### RECORDS

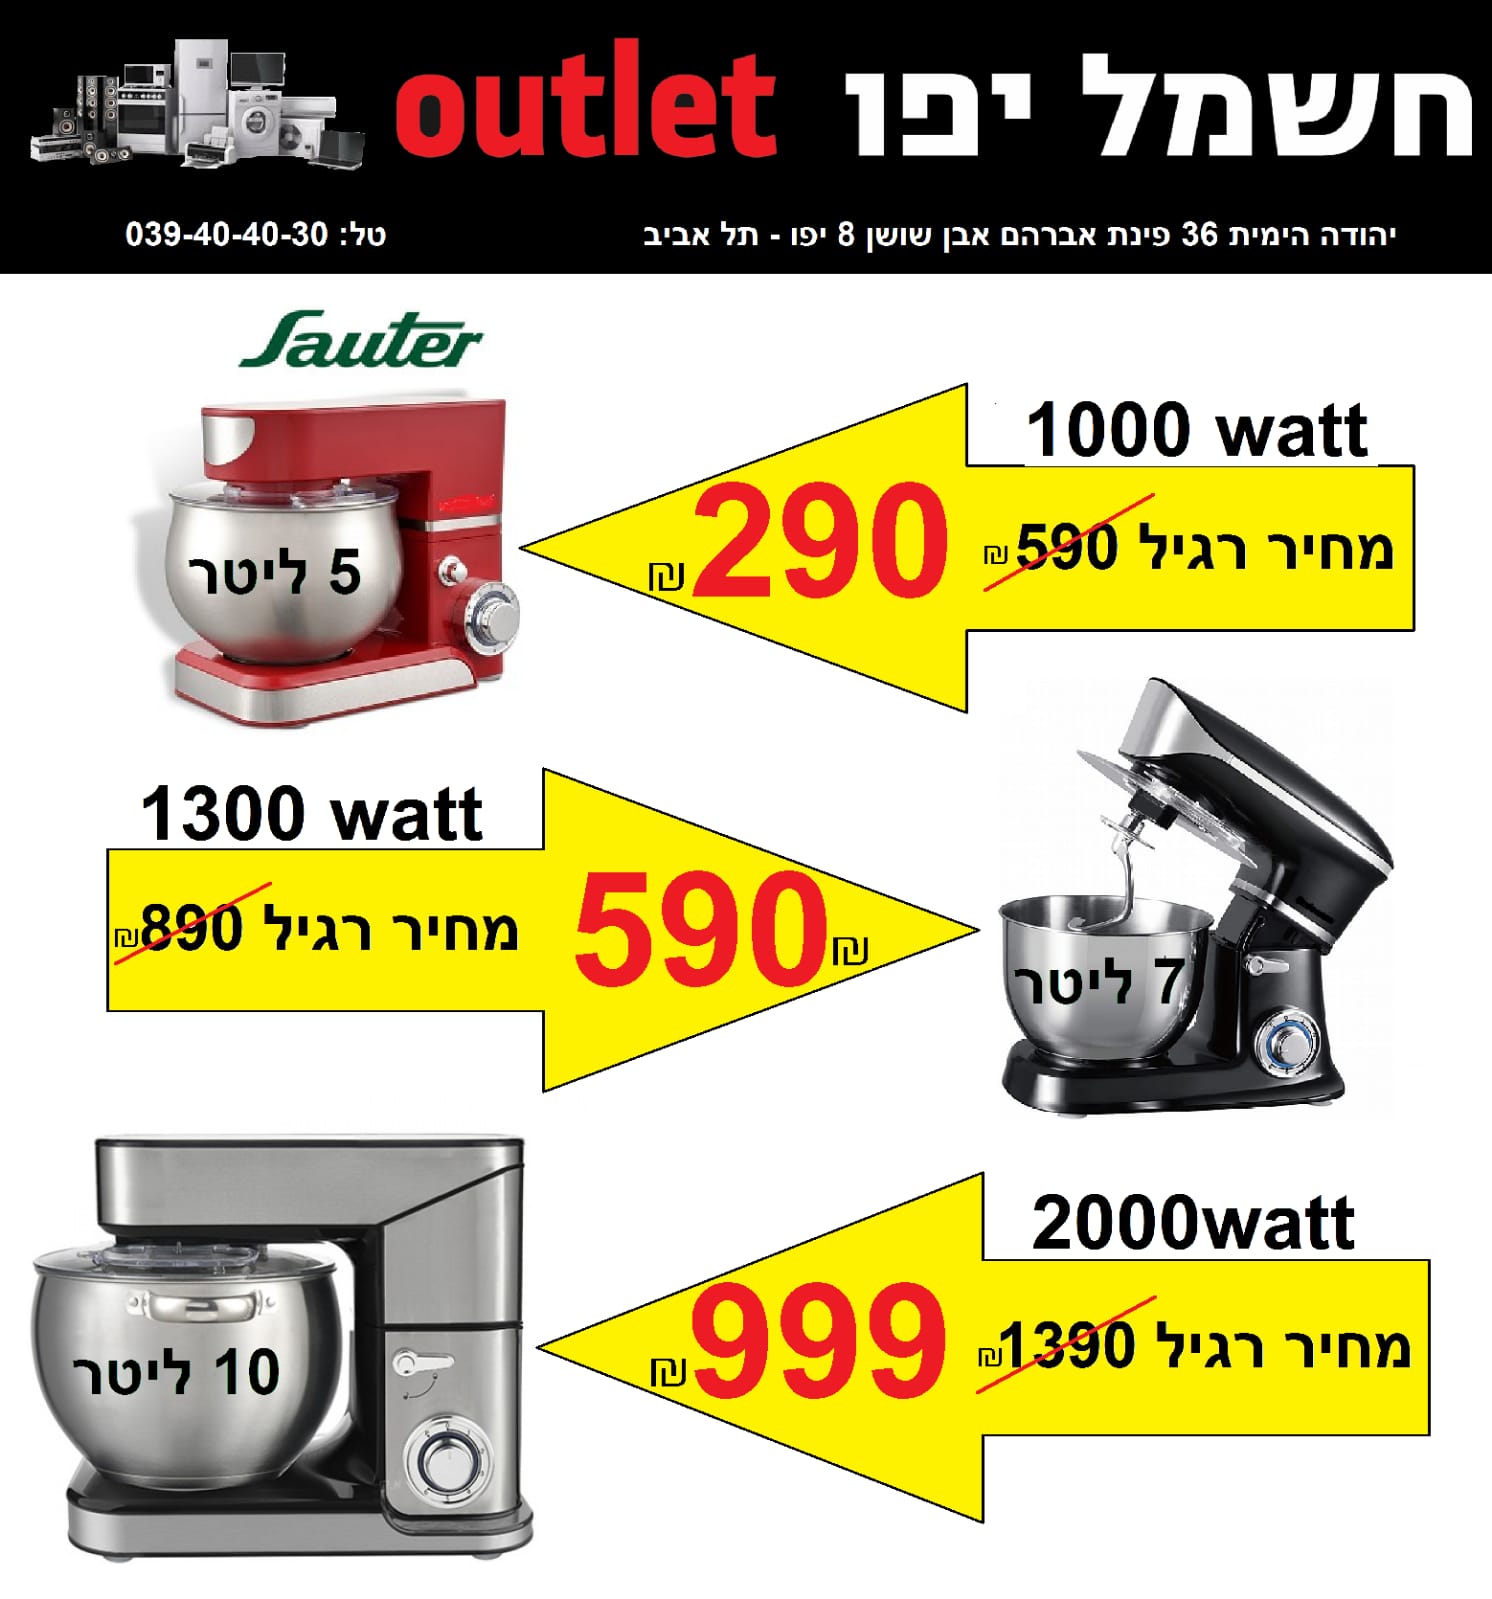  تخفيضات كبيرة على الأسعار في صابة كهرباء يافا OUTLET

######
### RECORDS

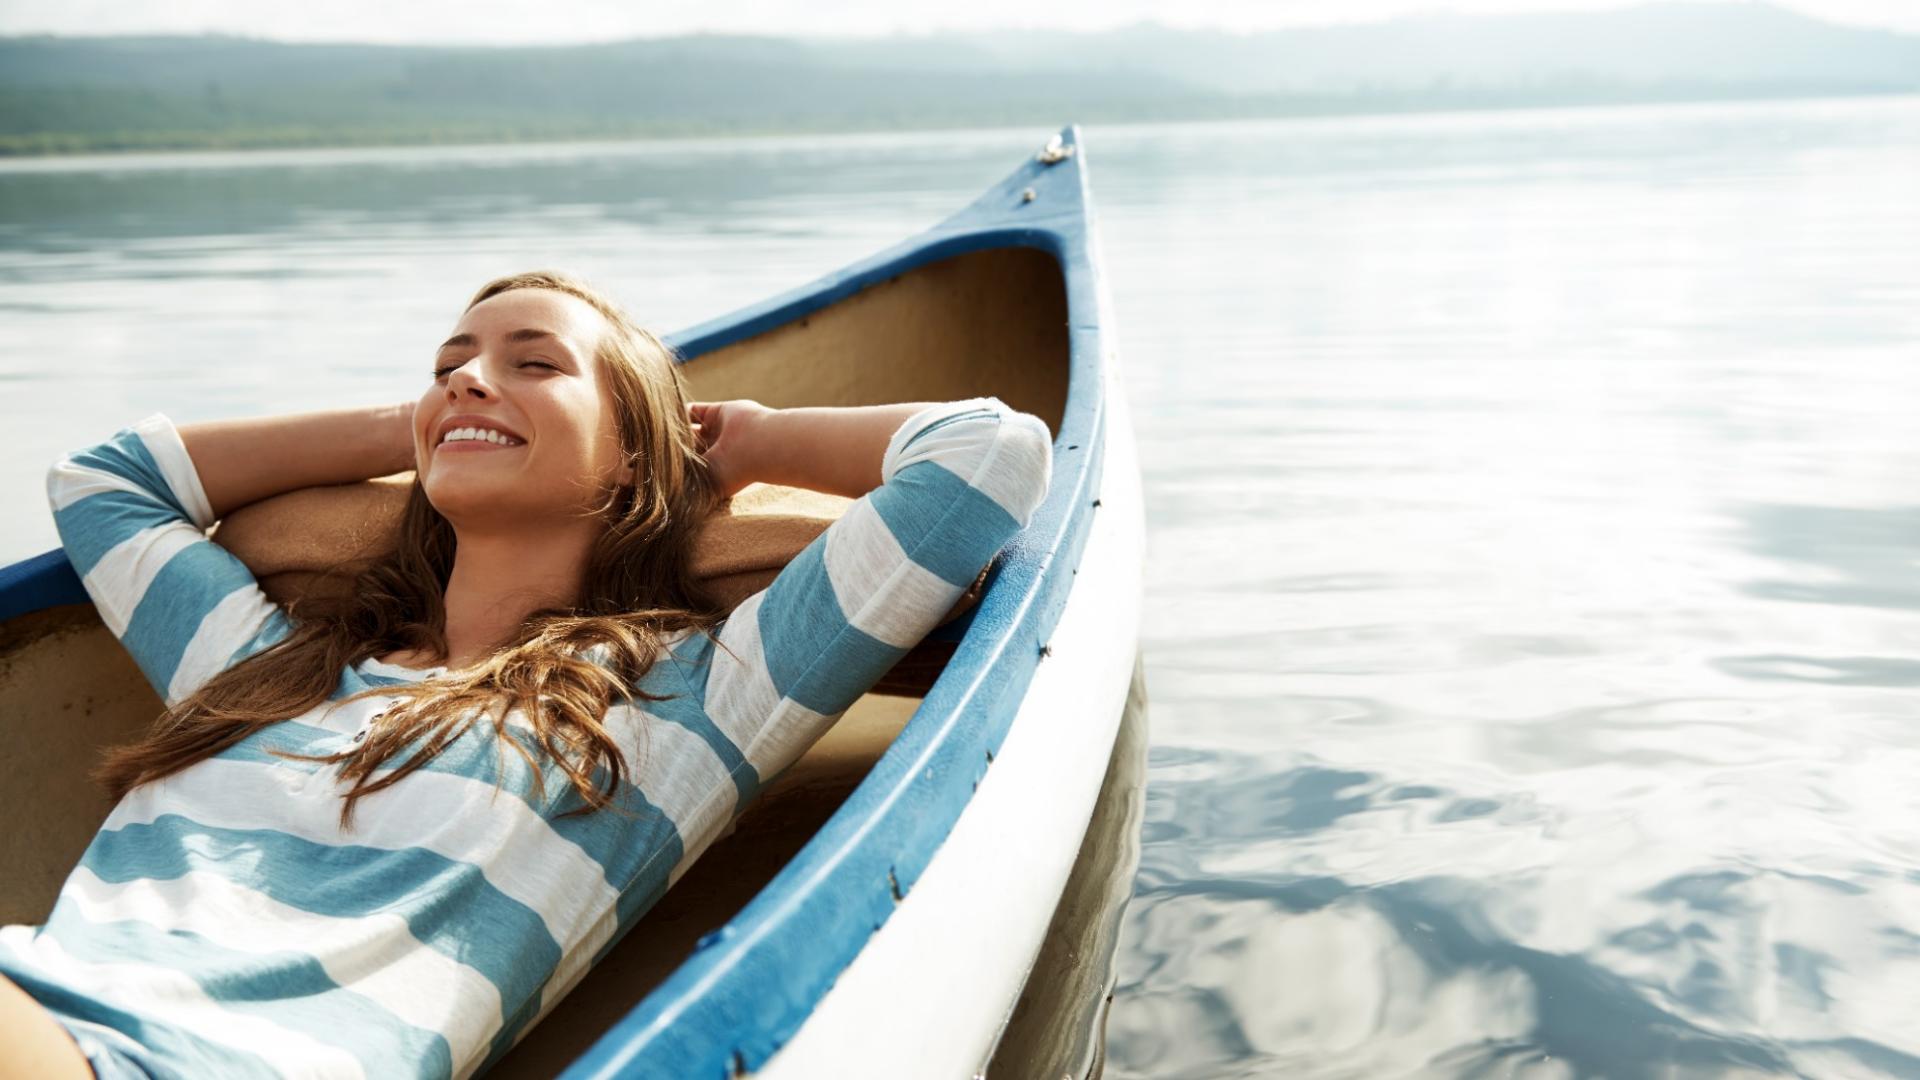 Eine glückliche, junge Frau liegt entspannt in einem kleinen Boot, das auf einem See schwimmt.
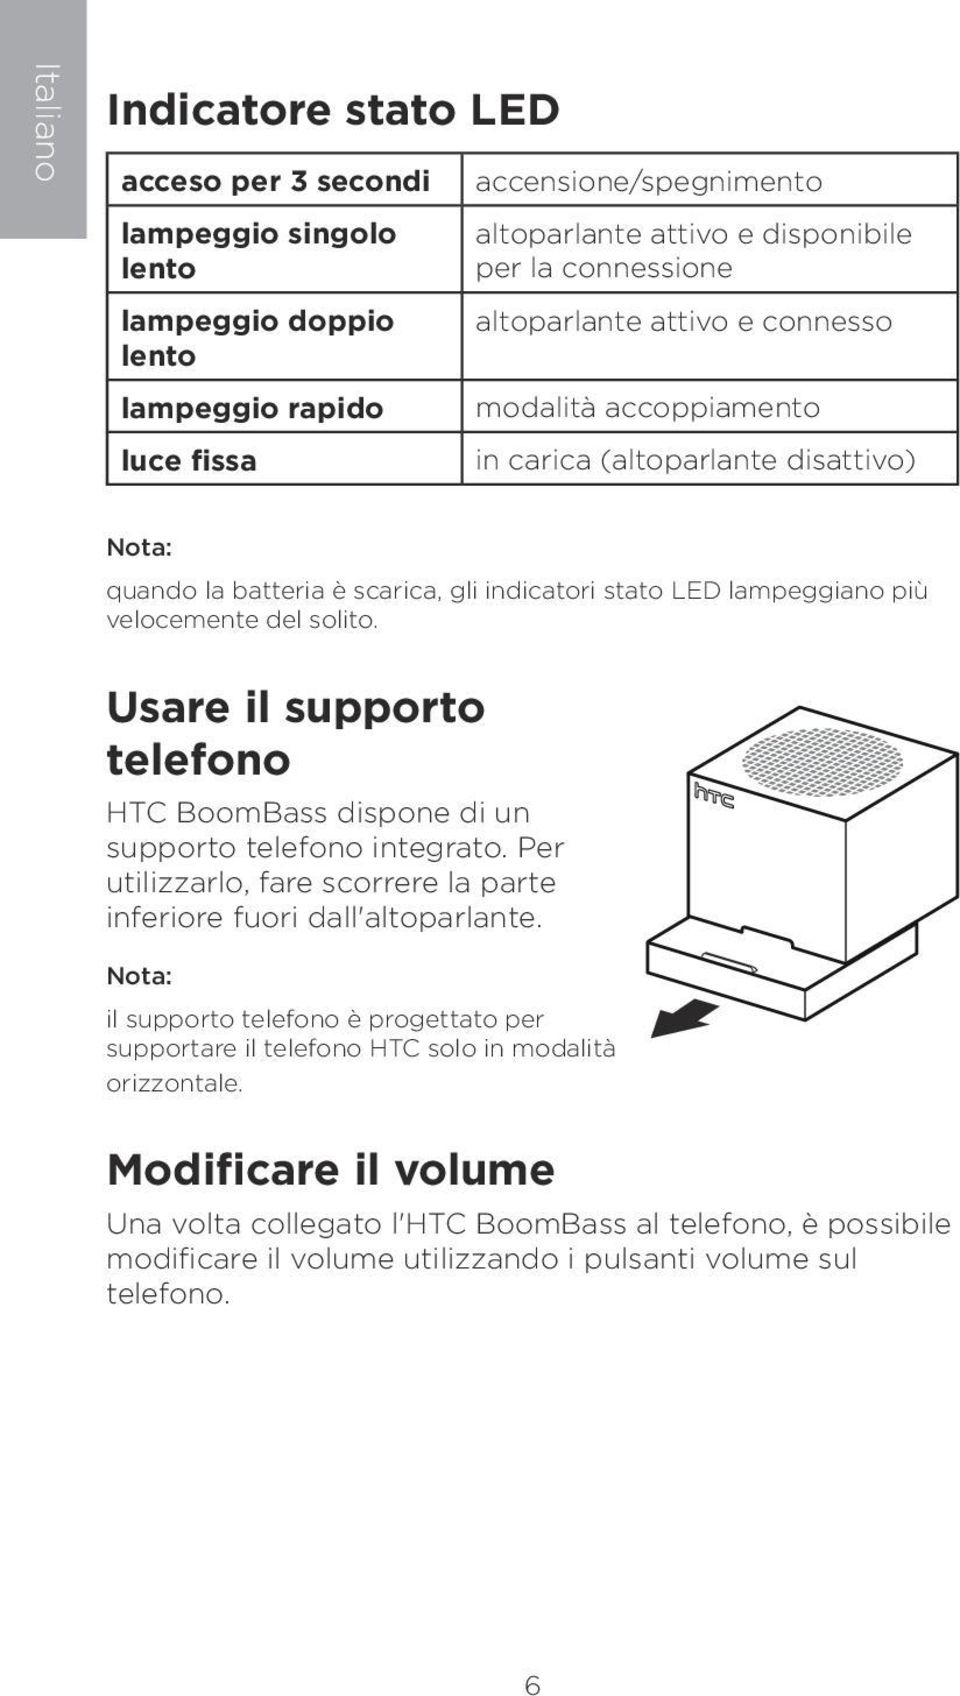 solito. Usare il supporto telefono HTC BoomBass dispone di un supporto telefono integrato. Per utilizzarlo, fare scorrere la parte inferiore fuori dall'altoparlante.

######

◆ **TRY IT**: Return exactly the lines of the material above, starting at the line containing "Eine glückliche, junge" and finishing at the line containing "solito. Usare il", without any pictures.

◆ **RESPONSE TO THE TASK**:
 Eine glückliche, junge Frau liegt entspannt in einem kleinen Boot, das auf einem See schwimmt.
 solito. Usare il supporto telefono HTC BoomBass dispone di un supporto telefono integrato. Per utilizzarlo, fare scorrere la parte inferiore fuori dall'altoparlante.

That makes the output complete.